Reuben Archer Torrey was born on January 28, 1856 in Hoboken, New Jersey, into a home that prized learning and moral seriousness. As a young man he studied at Yale College and then Yale Divinity School, where he wrestled with questions of authority and truth in an age stirred by new criticism and old unbelief. After further study in Germany at Leipzig and Erlangen he returned convinced that Scripture must stand as the final rule and that the church's first work is prayer and evangelism. Ordained to the Congregational ministry in 1878, he pastored in Garrettsville, Ohio, and then in Minneapolis, where his preaching and city mission work baptized his convictions in the needs of the poor and the prodigal. He had the mind of a scholar and the heart of an evangelist, and he learned early that the two are never enemies when both kneel.
In 1889 Dwight L Moody invited Torrey to Chicago to lead the Chicago Evangelization Society which soon became Moody Bible Institute. Torrey shaped the training of workers by putting the prayer meeting at the center of the school's daily life. Students rose with the Word, gathered again at noon for united intercession, and went out in the evenings to preach and to pray in halls and tenements. He taught Bible doctrine in the classroom, then bent his knees with the same students in the prayer room. After Moody's death Torrey shouldered more public preaching and leadership while guarding the same hidden practices that had given his sermons weight.
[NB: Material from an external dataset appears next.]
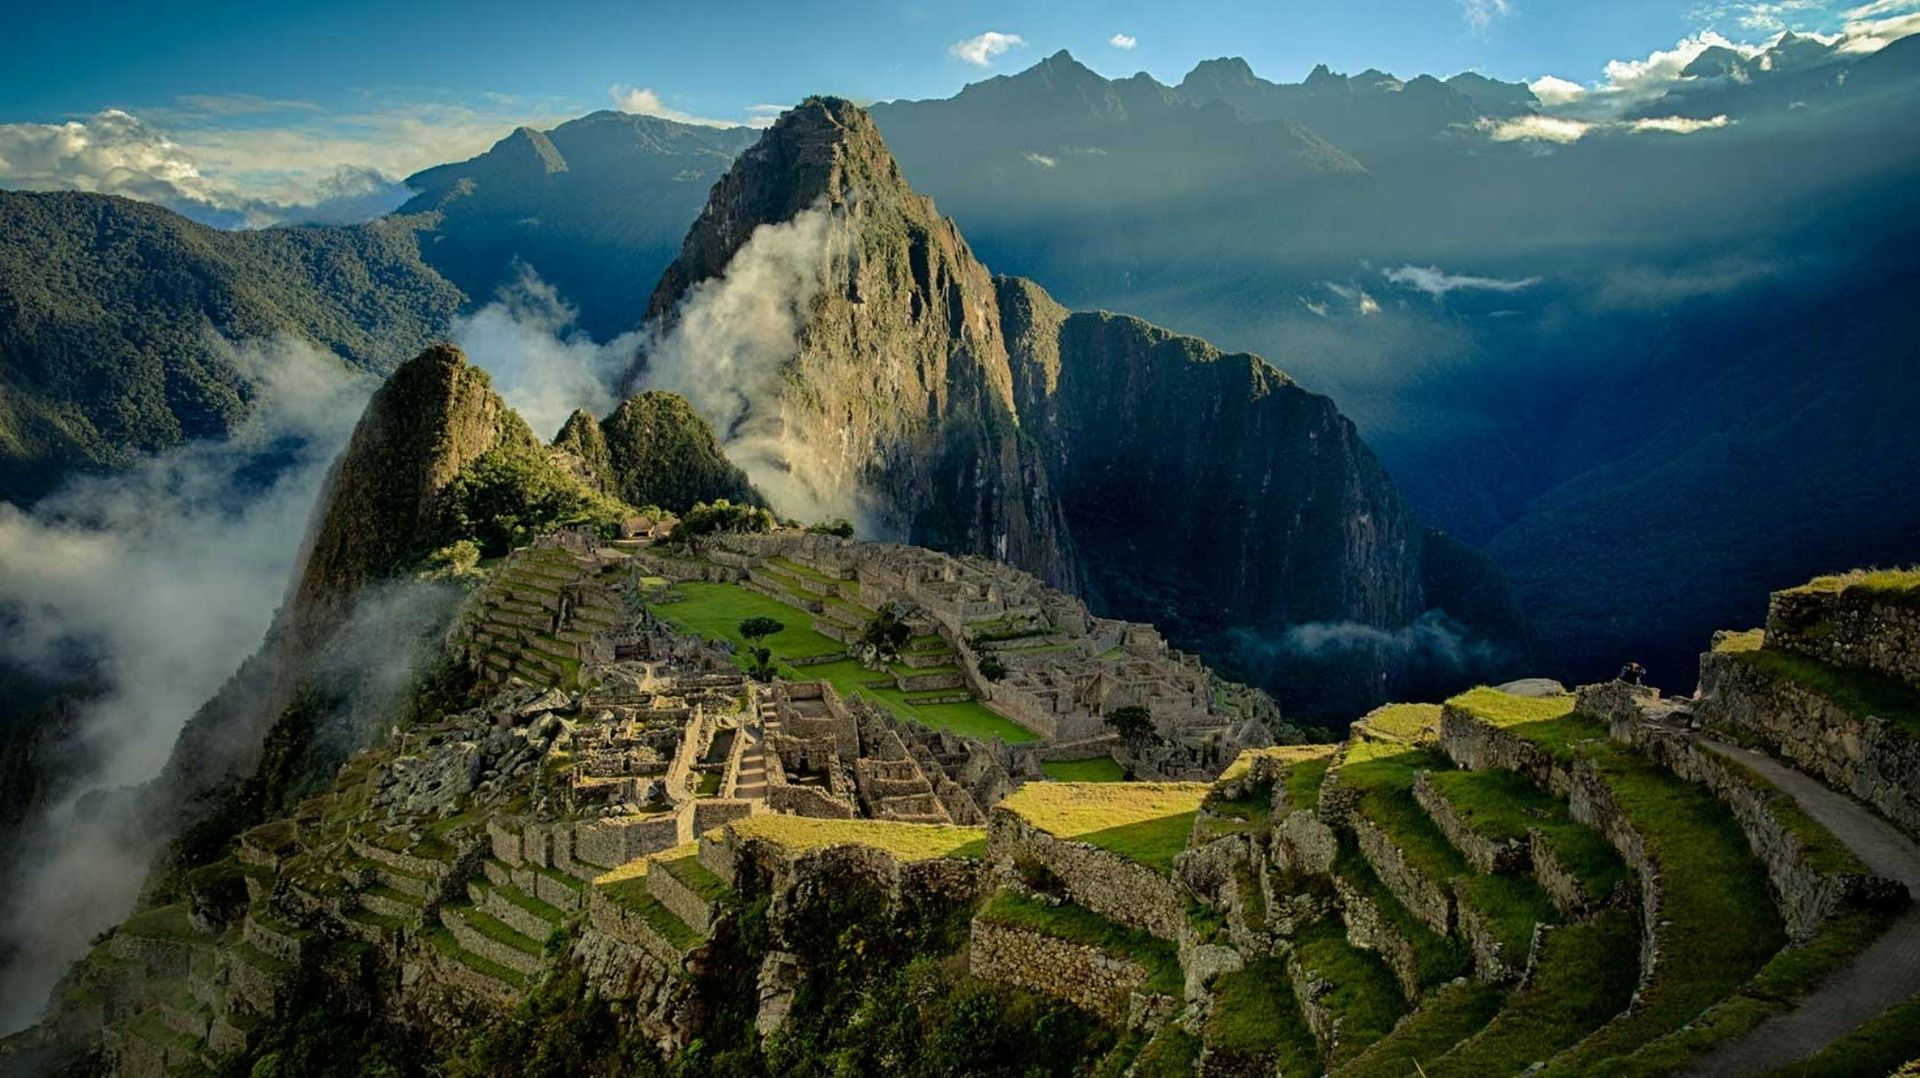 Machu Picchu Peru Desktop PC And Mac Wallpaper 1920x1078 Wallpapers 10

The world opened to him at the turn of the century. In 1902 he began a series of international missions with the song leader Charles M Alexander. Australia and New Zealand saw vast gatherings in open spaces and public halls. Britain received him with a hunger that filled the great buildings of London, Glasgow, and beyond. Asia welcomed him in India, China, and Japan. Reports from these years tell of cities hushed by prayer, noon meetings that drew crowds from factories and shops, inquiry rooms crowded with seekers, and pastors revived to teach their people to pray. Torrey's preaching was plain and scriptural, Christ in the Scriptures with the cross in the center and the call to repent and believe never delayed. Behind the platform stood prayer bands and quiet rooms, and behind those rooms stood the habit of a lifetime, hours with God before a line was spoken.
In 1912 he accepted an invitation to Los Angeles to serve as dean of the Bible Institute of Los Angeles and pastor of the Church of the Open Door. He did not build a monument to himself. He built prayers into the mortar of a new school and a new congregation. Lectures in the morning, visitation in the afternoon, prayer meetings that stretched until burdens lifted, and evangelistic appeals that expected immediate obedience to the gospel. He remained in that work for years, forming workers who would serve across the world with a Bible in one hand and a burden for souls in the other. In his later days he wrote and traveled, steady as ever, until the Lord called him from Asheville, North Carolina, on October 26, 1928. Those who knew him did not remember a celebrity. They remembered a man who could take a promise of God and wrestle with it until heaven answered.
“The two are never enemies when both kneel”
“God's promises are not ornaments but instruments”
“Eloquence without the prayer life is a shell”
“He could take a promise of God and wrestle with it until heaven answered”
"The effectual fervent prayer of a righteous man availeth much" James 5 verse 16.